Dustin Farnum was an extremely popular stage actor at the time of The Littlest Rebel engagement, the last of his seven known appearances in Seattle.[6] Farnum was born into a theatrical family in 1874; his father, George Dustin Farnum, was an actor and manager of note, while his mother Adele also plied her trade as a performer. Dustin himself is said to have made his stage debut at 15, after which he and his younger brother, William, began building experience with small companies associated with their father. A number of stage successes shortly after the turn of the century, particularly in western-themed plays such as Arizona, The Virginian, and The Squaw Man, helped turn Farnum into the prototypical western hero. It was a characterization he brought directly to motion pictures in 1914, including screen adaptations that year of both The Squaw Man and The Virginian, both made for Jessie Lasky under the direction of Cecil B. DeMille. (Oscar Apfel co-directed The Squaw Man.) Yet for all his stage popularity Dustin Farnum never quite connected with motion picture audiences, though he worked onscreen well into the 1920s. He died in 1929.
At the time of his 1912 Seattle engagement, Farnum was at the height of his drawing power as a stage star. In The Littlest Rebel he played Colonel Morrison, a Union officer who lends help to a Rebel scout and his starving daughter near the end of the Civil War, a sympathetic decision that gets him court-martialed. Unabashedly sentimental, the play focused not on the actual fighting (though the battle scene in the third act was said to be “the best since the Shenandoah days”), but rather the scars left on the war’s innocent victims, personified in the title character, a little girl named Virgie.
Taken as a whole, the show – presented by A.H. Woods and playing a solid week at the Metropolitan Theatre beginning November 3rd, 1912 – was perhaps the strongest overall production that Farnum ever brought to Seattle. The popular actor seemed uniquely suited for his role, and his performance was without a flaw. J. Willis Sayre was at the Metropolitan on opening night.
Seattle playgoers have never seen Dustin Farnum in evening dress or modern city duds and it is to be hoped that they never will, for he does the out-of-doors stuff so much better than most of his male star contemporaries. Farnum snugly fits into the ideal of the romantic actor of today, an ideal that has supplanted the mental picture of the heroic swashbuckler of ten years ago. Whether appearing in chaps and Fuller’s earth atmosphere of Arizona and The Virginian or in the quaint century-old getup of the lead in Cameo Kirby Farnum needs and has always had a highly picturesque background for his own highly picturesque personality.
In The Littlest Rebel, in which he opened to a big and enthusiastic house at The Metropolitan last night, he finds another graceful chance at just the sort of role that enables him to shine with his maximum brilliance. Farnum and the character of the Union colonel fit into one another as deftly as the component ball and socket joint. It shows him at his matinee-idol best and at the same time keeps him as effectively a “man’s man” as any of his previous characterizations.[7]
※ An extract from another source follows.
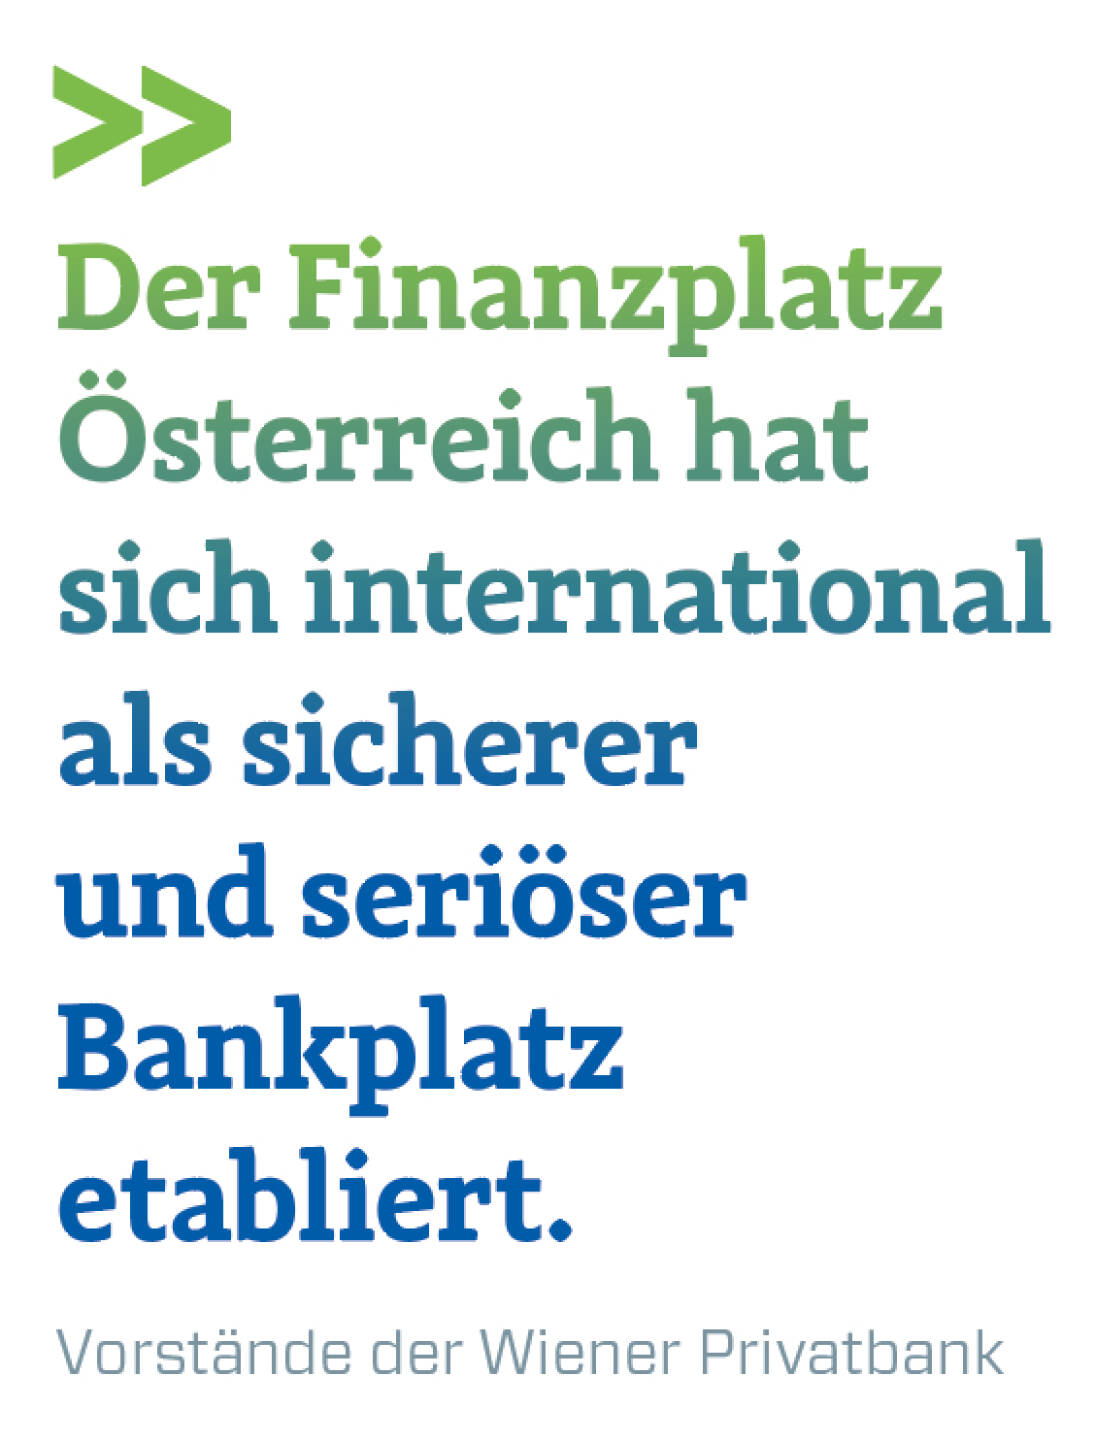 Der Finanzplatz Österreich hat sich international als sicherer und seriöser Bankplatz etabliert.
Vorstände der Wiener Privatbank

“Mr. Farnum is as handsome, manly and sympathetic as ever he has been,” agreed Jack Bechdolt of the Post-Intelligencer, “which is to say he is quite at his best.”[8] Bechdolt, however, wasn’t quite as enthusiastic about the production, although he had to admit it was a first-rate show. “The story of The Littlest Rebel is plain war melodrama, with a new twist to it in that it deals with a little girl instead of a love affair across the Mason and Dixon line. There is no love making in it except for the homage paid the little girl, but it wins more smiles and sighs than half a dozen romantic footlight wooings.”[9]
But while Dustin Farnum was the drawing card for The Littlest Rebel, it wasn’t he who earned the most plaudits from Seattleites. Rather, that honor went to 10-year-old Mary Miles Minter, whose turn as the plucky Virgie Carey easily upstaged him, bowling over audiences and critics alike. In his review, J. Willis Sayre simply gushed over her performance, noting that the play’s second act, which put Minter’s character front and center, was “one of the most finely sentimental bits of child portraiture to be found in the literature of the English-speaking stage.” In it, according to Sayre, Minter demonstrated that she was “the cleverest child actress that ever Seattle eyes lit upon,” calling her “[Minnie Maddern] Fiske in miniature.”
Then comes the child, Mary Miles Minter, a pretty, chubby, golden-haired little thing with amazing naturalness and wonderful combination of babyish ingenuousness and a mother instinct to fight for her own when put to the test. Much of the second act is a duel between the Yankee officer and this littlest rebel for the life of her father, the Confederate scout, and the child not only holds her own in the battle of wits, but makes the scene tender and affecting in the extreme. Let it be recommended to the management that the youngster be given a curtain call alone at the end of this act. She is worth it.[10]
Jack Bechdolt was no less enthusiastic in the Post-Intelligencer about Minter’s performance, his one criticism being minor.
A little girl comes perilously near to capturing the stellar honors of The Littlest Rebel, in which Dustin Farnum and his support began a week’s engagement at the Metropolitan last night. It is no discredit to Mr. Farnum to say that Mary Miles Minter, who plays Virgie, the littlest rebel, does the most effective work in the piece, for the whole story revolves about her part and if this little actress was anything but the clever little actress that she is, the play would be very, very flat, despite all the star’s clever work. It is much to Mr. Farnum’s credit that he has such capable support…[I]t is going to be difficult to make those who have not seen [Minter] believe what a lovable little rebel she is with her quaint smile and charming drawl. Perhaps she is a trifle too plump a little rebel to corroborate her story of starvation, but it is she who makes the story convincing, and just as there is no other Dustin Farnum, so there remains to be discovered another Mary Minter like this one.[11]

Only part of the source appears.